- [Your objective]
Each line from the one containing "Cars in stadium" to the end of the material below is to be restated exactly, with pictures skipped.
____
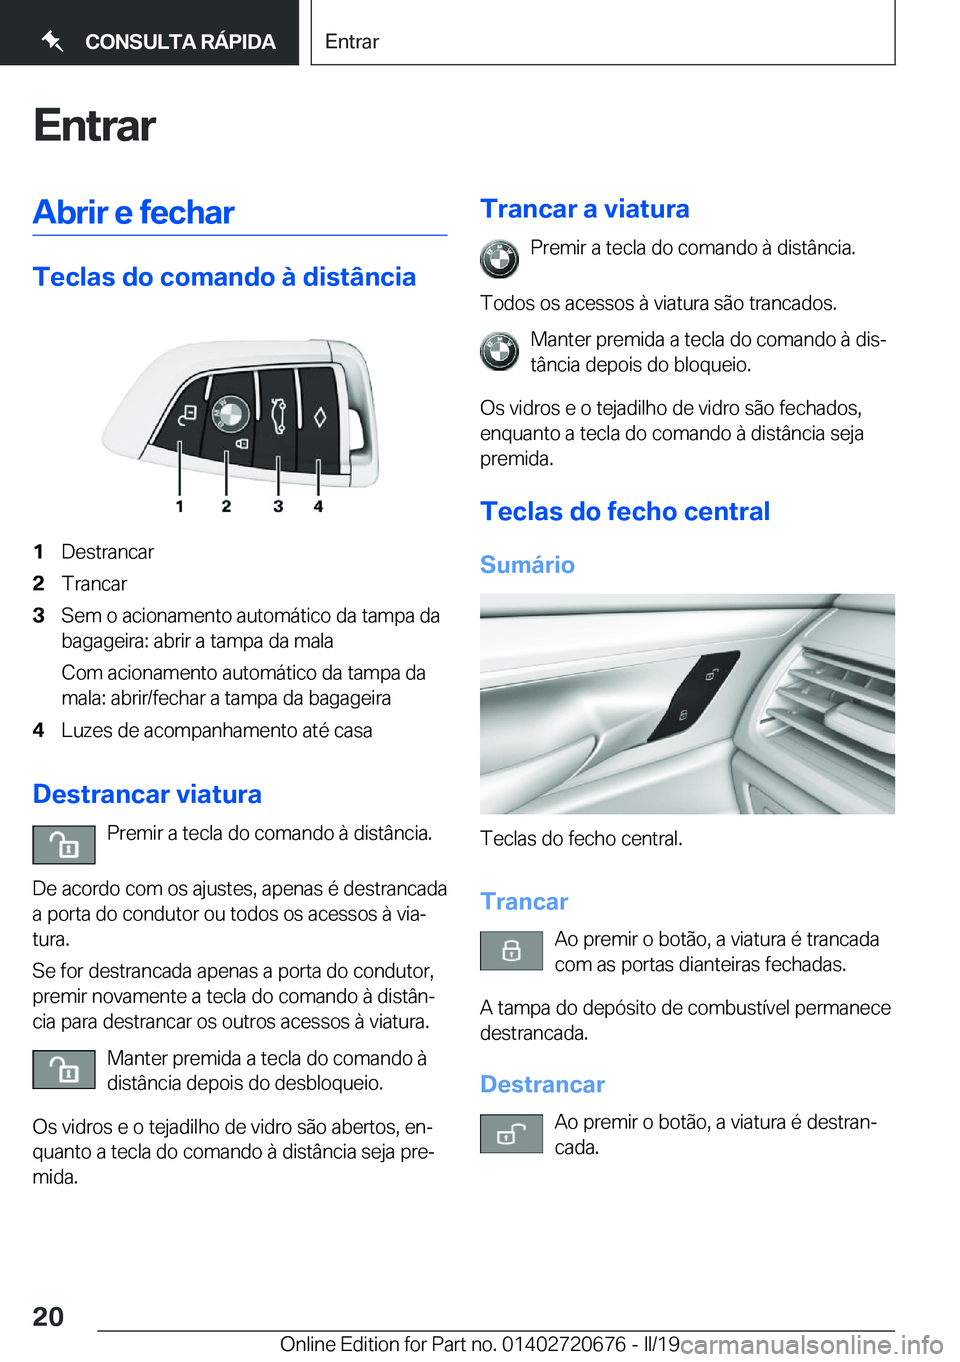 BMW M5 2019  Manual do condutor (in Portuguese) �E�n�t�r�a�r�A�b�r�i�r��e��f�e�c�h�a�r
�T�e�c�l�a�s��d�o��c�o�m�a�n�d�o��à��d�i�s�t�â�n�c�i�a
�1�D�e�s�t�r�a�n�c�a�r�2�T�r�a�n�c�a�r�3�S�e�m��o��a�c�i�o�n�a�m�e�n�t�o��a�u�t�o�m�á�t�i�c�o�
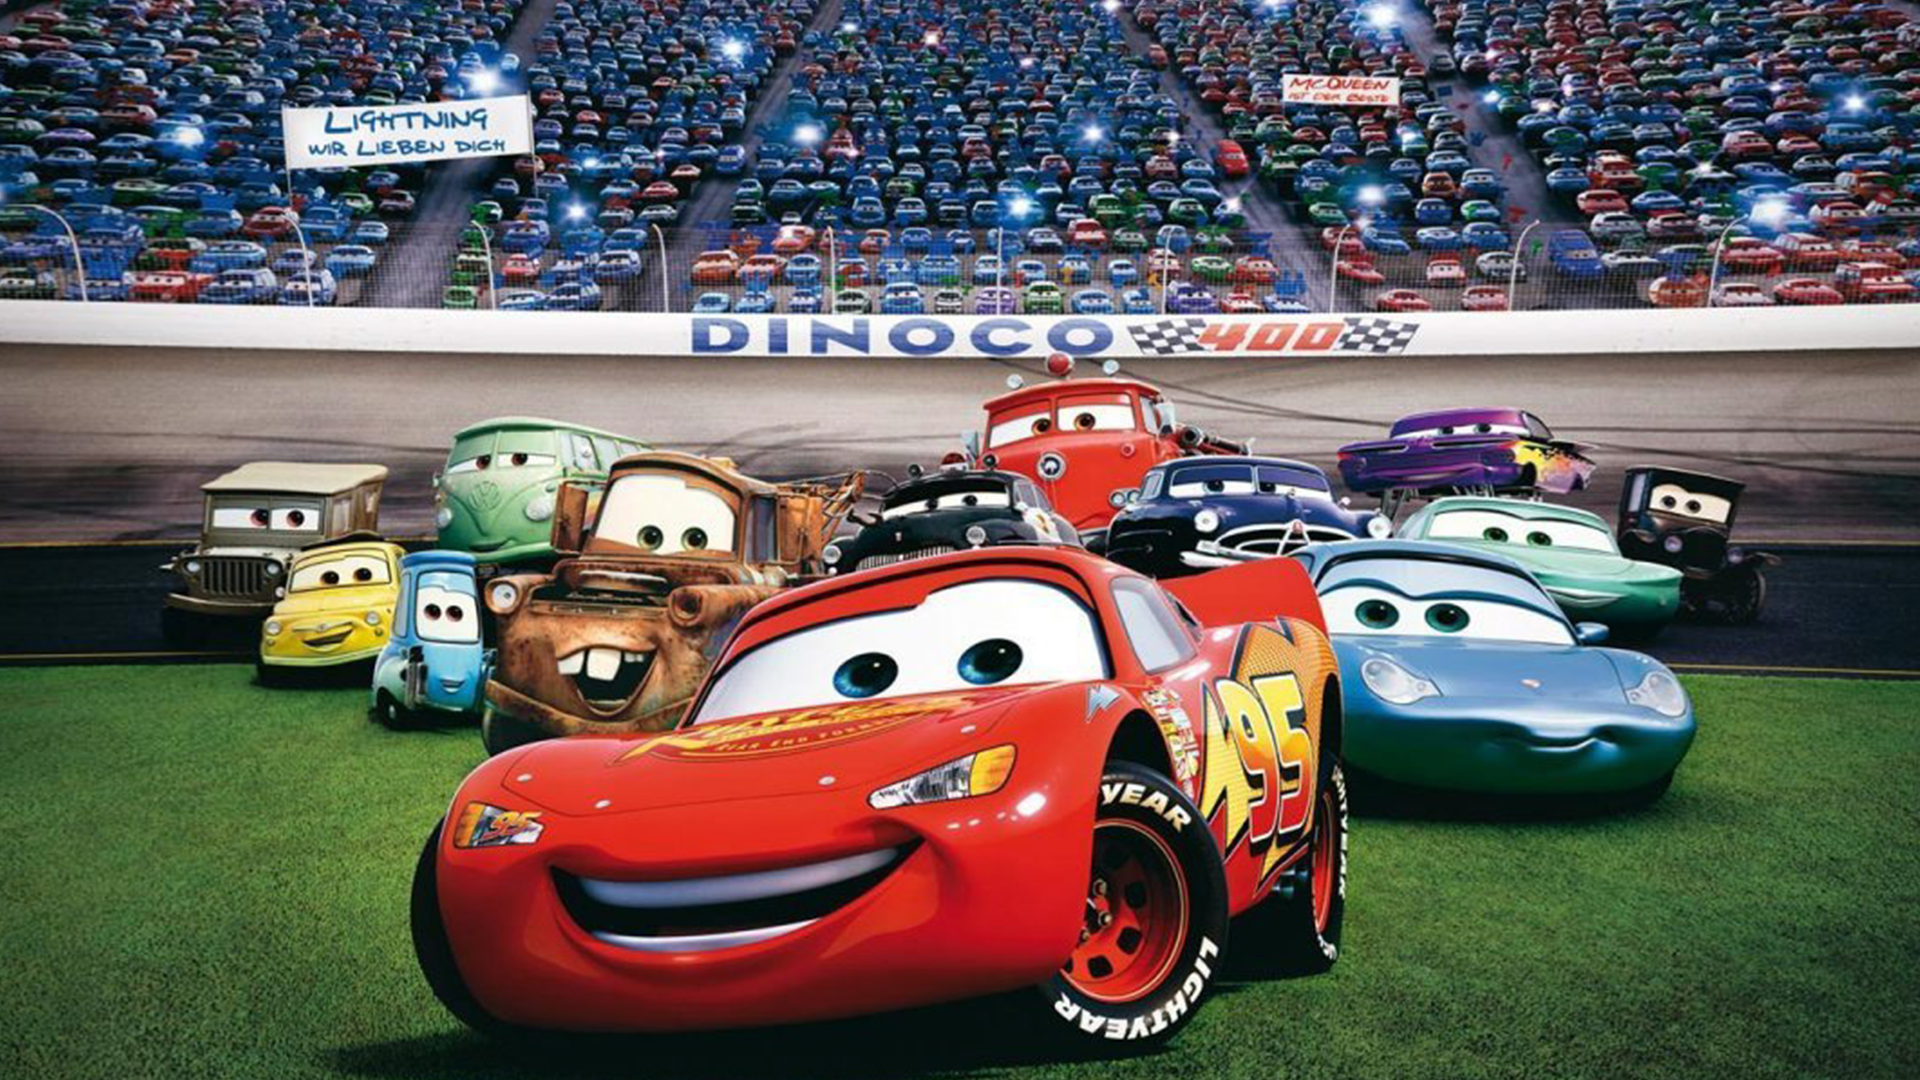 Cars in stadium
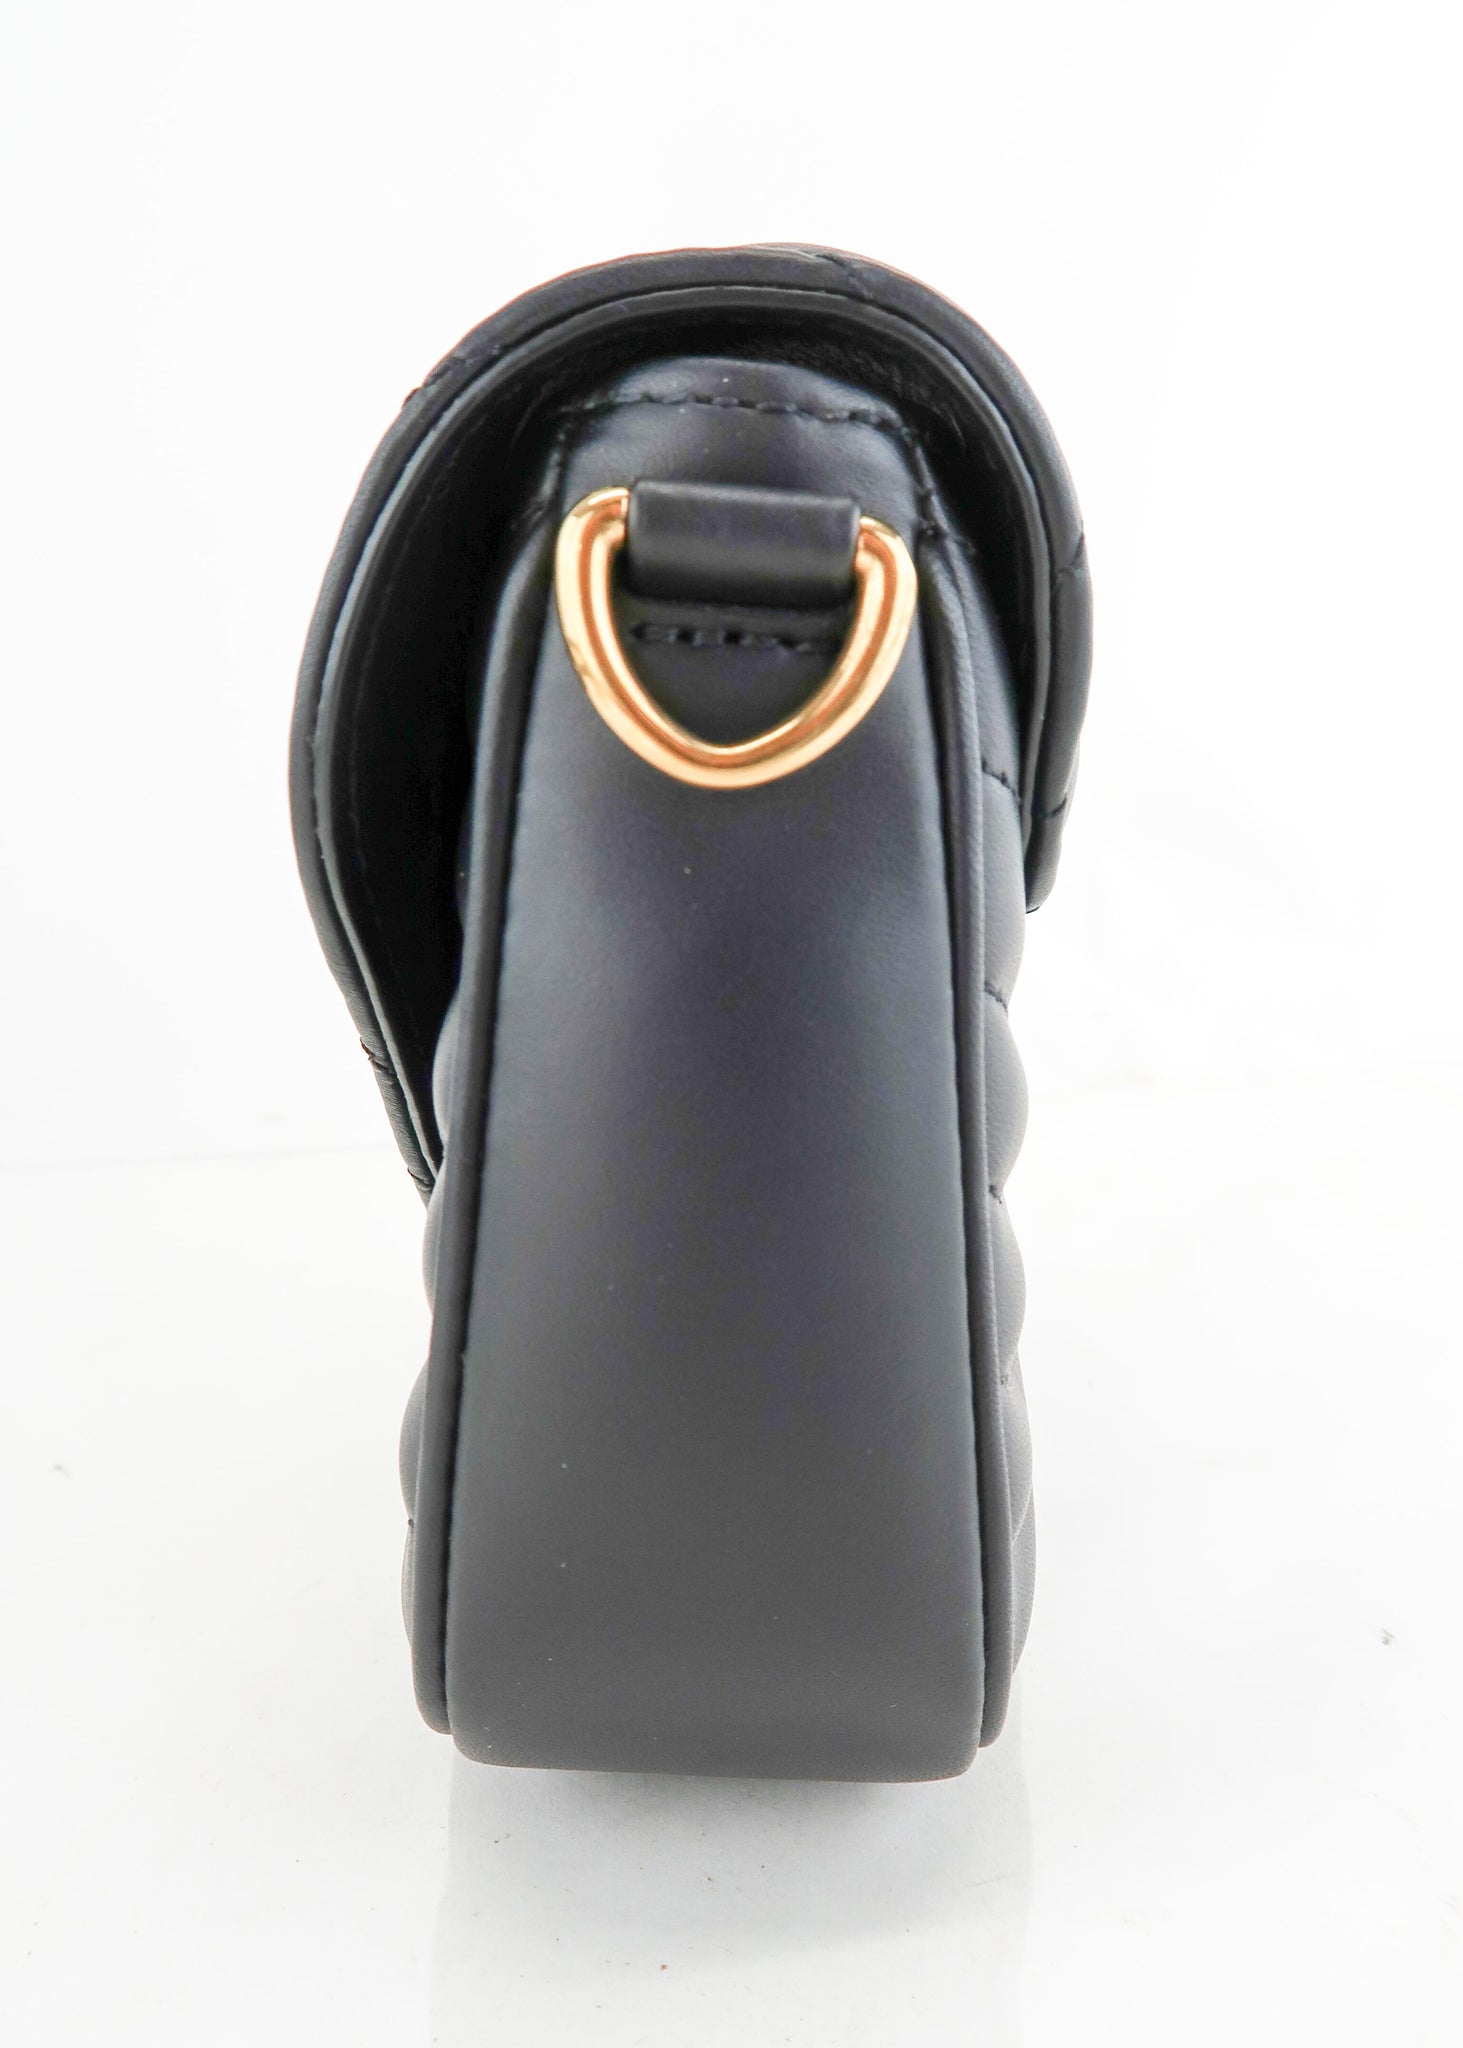 Louis Vuitton Double Zip Pochette – ARMCANDY BAG CO
____
- [Response to this exercise]
 Cars in stadium
 Louis Vuitton Double Zip Pochette – ARMCANDY BAG CO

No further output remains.